▶ **INPUT FOR THIS TASK**:

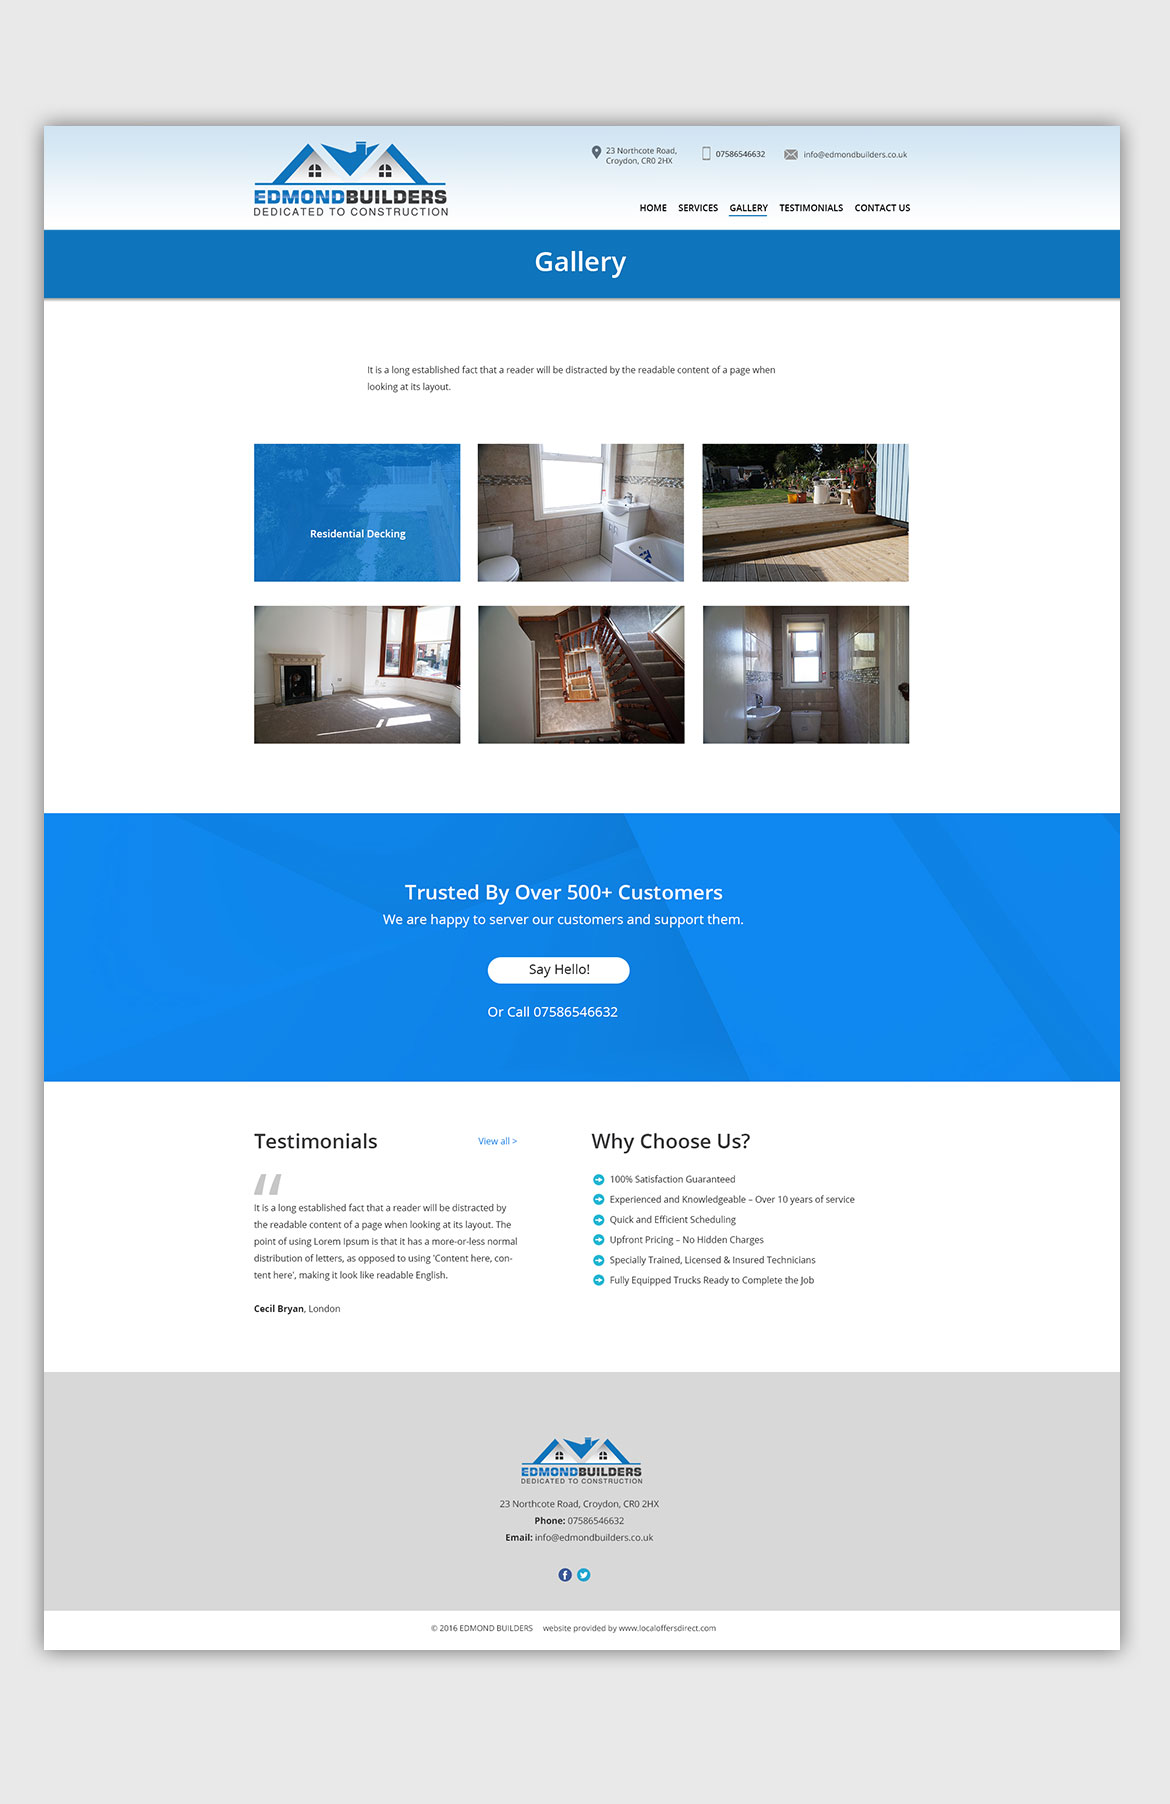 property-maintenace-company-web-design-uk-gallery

* * *

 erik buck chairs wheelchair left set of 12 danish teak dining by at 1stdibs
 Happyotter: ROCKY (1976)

▶ **TASK REQUIREMENTS**:
Only the lines above from the one with "erik buck chairs" through the one with "Happyotter: ROCKY (1976)" should be duplicated, character for character.

▶ **SOLUTION TO THE EXERCISE**:
 erik buck chairs wheelchair left set of 12 danish teak dining by at 1stdibs
 Happyotter: ROCKY (1976)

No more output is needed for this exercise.